Floer homology for Hamiltonian PDEs: Fredholm theory

TL;DR

This paper develops a Floer homology framework for infinite-dimensional Hamiltonian PDEs by establishing Fredholm properties of the linearized operator, enabling topological invariants for these complex systems.

Contribution

It introduces a new nondegeneracy condition for time-periodic solutions and proves the Fredholm property of the Floer operator in an infinite-dimensional setting.

Findings

Established compactness results for the PDE class.

Defined a new nondegeneracy notion for solutions.

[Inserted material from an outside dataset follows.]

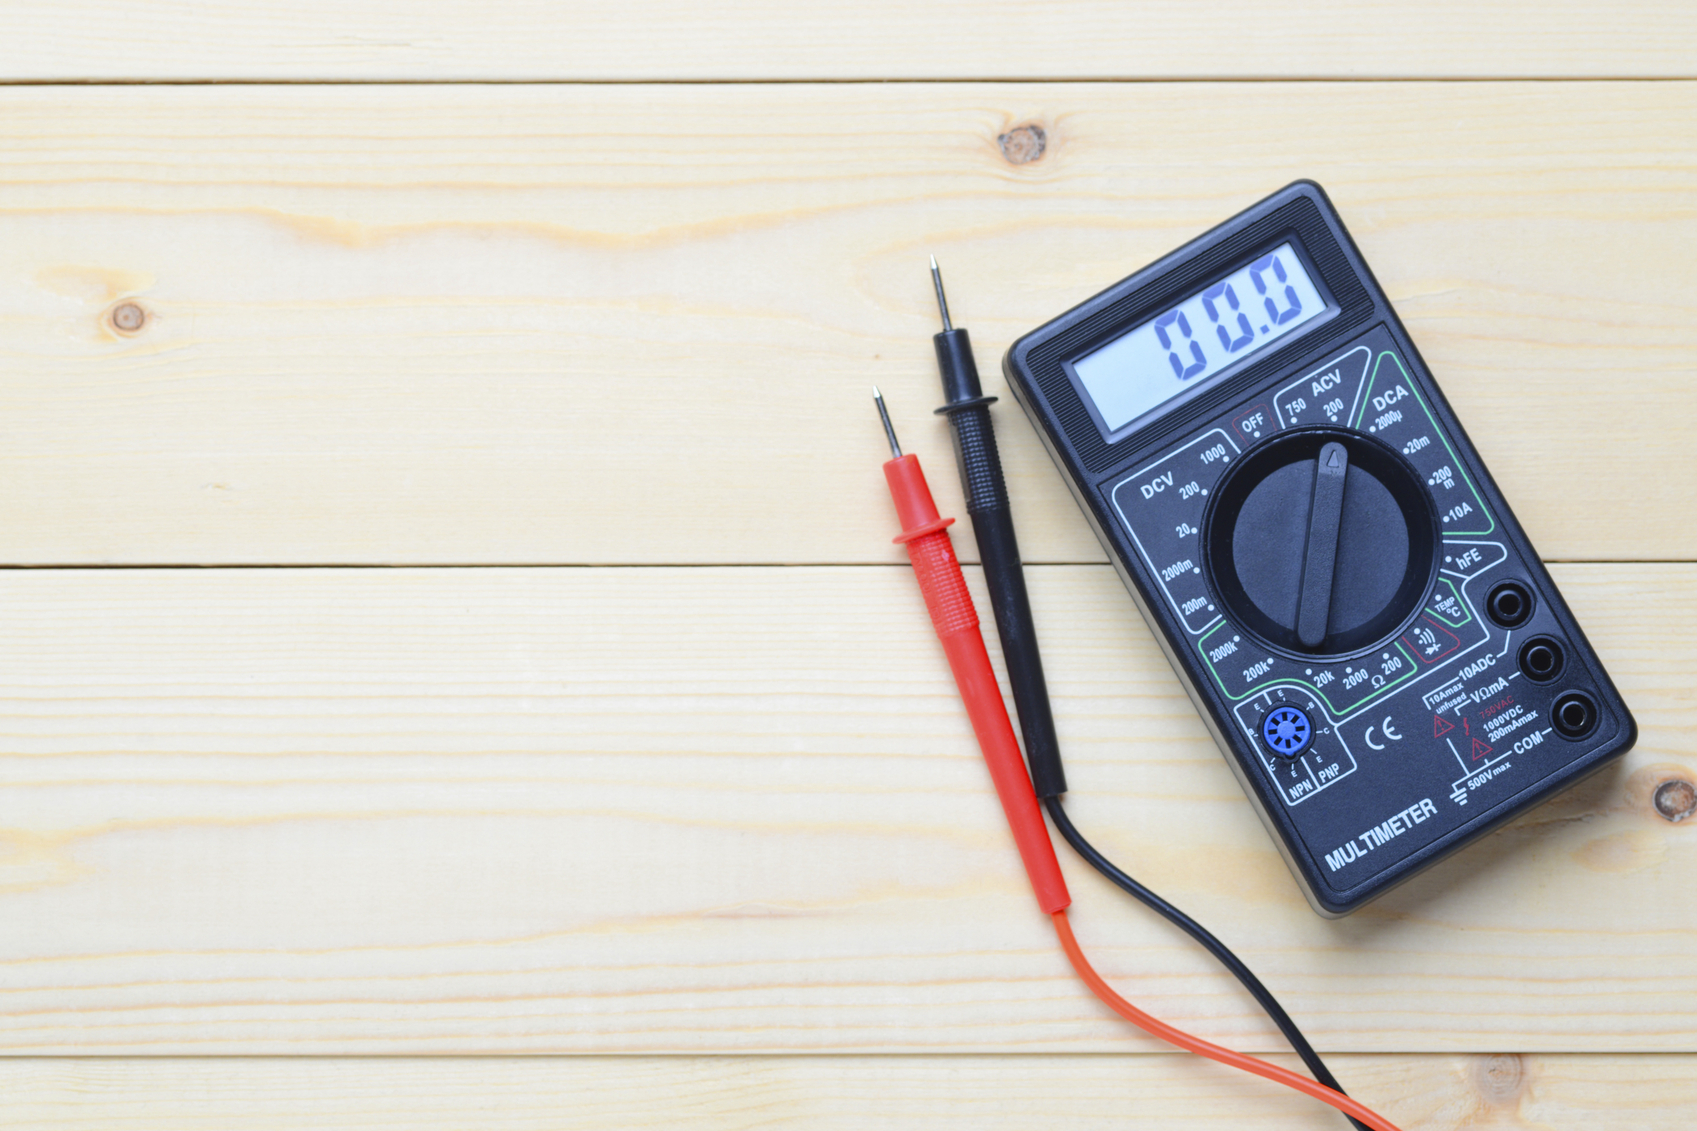 volt ampere watt bedeutung unterschied 11880. Black Bedroom Furniture Sets. Home Design Ideas

Proved the Fredholm property of the linearized operator.

Abstract

By coupling a Hamiltonian mechanical system with a linear Hamiltonian field theory one obtains an infinite-dimensional Hamiltonian system with regularizing nonlinearity, where the underlying phase space is given by the product of a finite-dimensional symplectic manifold with an infinite-dimensional linear symplectic Hilbert space. After our compactness results we continue our program for defining a Floer homology theory for this class of infinite-dimensional Hamiltonian systems. Based on the presence of small divisors we introduce a new notion of nondegeneracy for time-periodic solutions which allows us to prove that the linearization of the nonlinear Floer operator is Fredholm when viewed as a map between suitable Sobolev space completions.